Melinda miró a su alrededor. Lo último que recordaba con claridad era el escorpión. Después todo ocurrió demasiado
rápido y, como recordatorio, le quedaba una quemadura en la muñeca donde aún estaba enrollado el látigo de Janice
y un dolor intenso en el tobillo derecho. Por lo demás, no estaría mal del todo si no fuese por el grupo de hombres
armados que avanzaba decididamente hacia ella. Tras volver a colocarse sus maltrechas gafas, pudo percibir con
nitidez la esvástica en sus uniformes. Cuando el primero del pelotón se acercó unos pasos, Mel oyó claramente el
silbido de una bala sobre su cabeza y percibió el punto de impacto por la minúscula explosión de polvo que provocó
en el firme. El hombre la hubiese percibido de forma mucho más íntima de no haberse apartado de un salto hacia
atrás cuando alguien gritó al notar por un segundo el brillo en el rifle de Janice allá arriba. Un segundo disparo
estalló a los pies del individuo hasta que tomó la sabia decisión de retirarse unos pasos al tiempo que el resto de los
soldados. Algunos de ellos, haciendo gala de una iniciativa superior al instinto de conservación, abrieron fuego hacia
el punto donde se había encontrado la mujer. El hecho de que se encontrasen perfectamente bien iluminados y al
descubierto frente al objetivo móvil y en penumbra que era en ese momento Janice Covington, no hizo mucho por
sus aspiraciones y poco más de un minuto después, el número de soldados en pie se había reducido en tres.

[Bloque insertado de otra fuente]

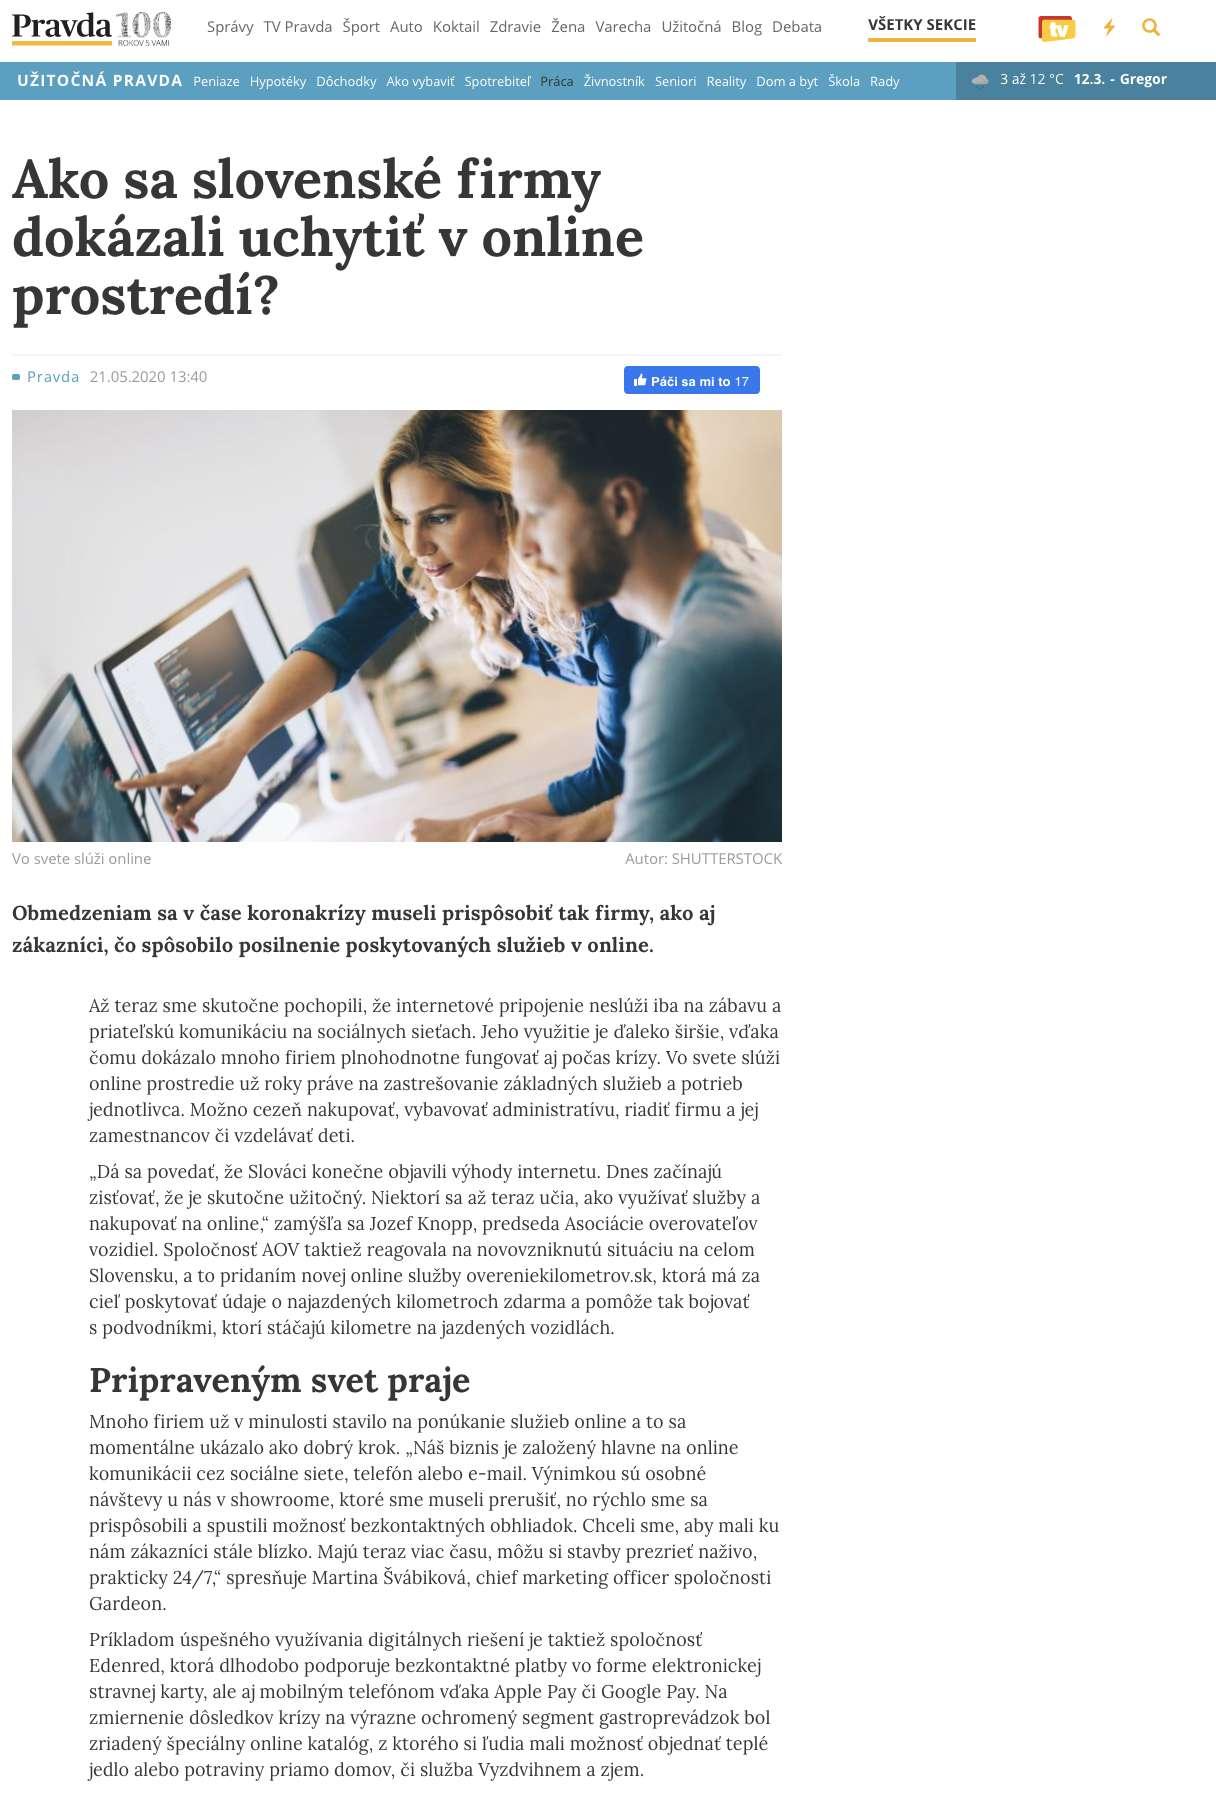 Článok na stránke pravda.sk

De repente, un individuo alto, envuelto en una capa oscura se abrió paso entre el grupo. Mucho antes de que se
retirara la capucha, Jan sabía que se trataba de Crofstar.

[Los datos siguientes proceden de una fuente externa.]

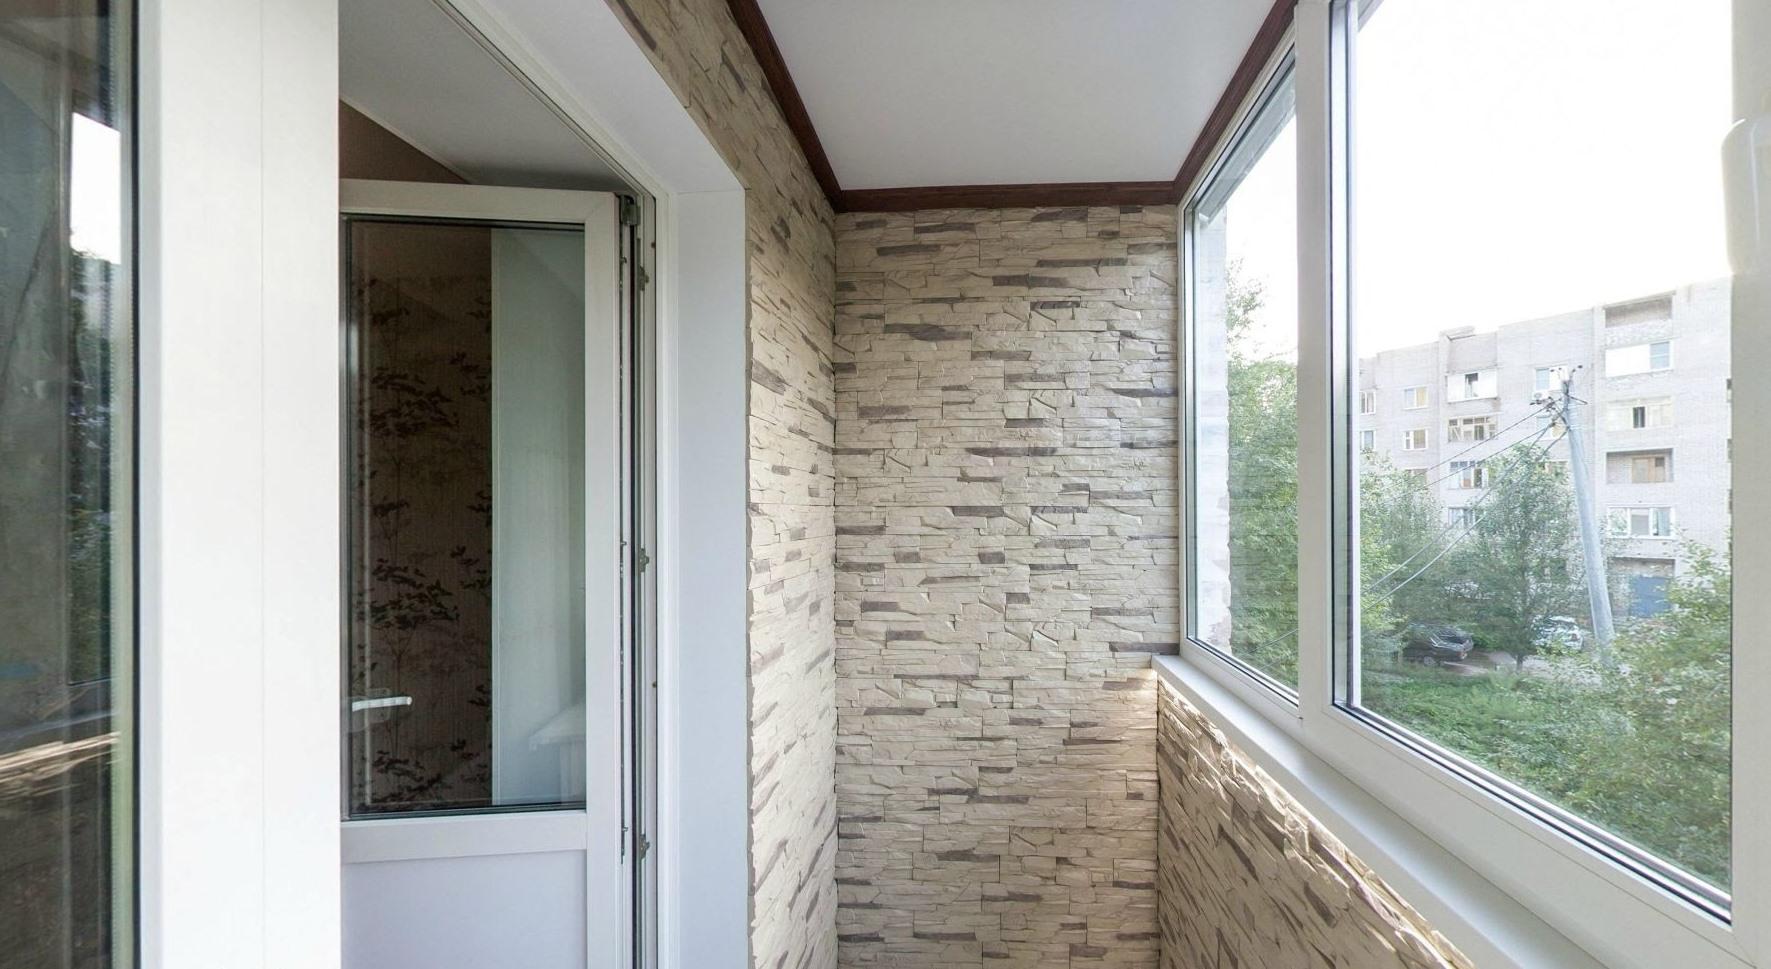 Внутренняя отделка балкона своими руками пошаговая инструкция фото 408

–Pero, ¿qué tenemos aquí? Janice querida, no tenías que haberte molestado. –gritó hacia ninguna parte en
particular. Janice se limitó a gruñir una maldición en un tono inaudible. – Y te has traído compañía. –continuó
mientras señalaba a Mel sin interés aparente en acercársele. – ¿Qué tal si hacemos un trato? El corazón de Osiris
por tu amiguita.
Jan trató de ganar algo de tiempo mientras pensaba desesperadamente en una forma de sacar de allí a Melinda. En
una pieza, preferiblemente.
–Me conoces Crofstar. ¿Qué te hace pensar...? –gruñó con una voz una octava demasiado grave para resultar
convincente. – ¿...Qué me importa lo que hagas con ella?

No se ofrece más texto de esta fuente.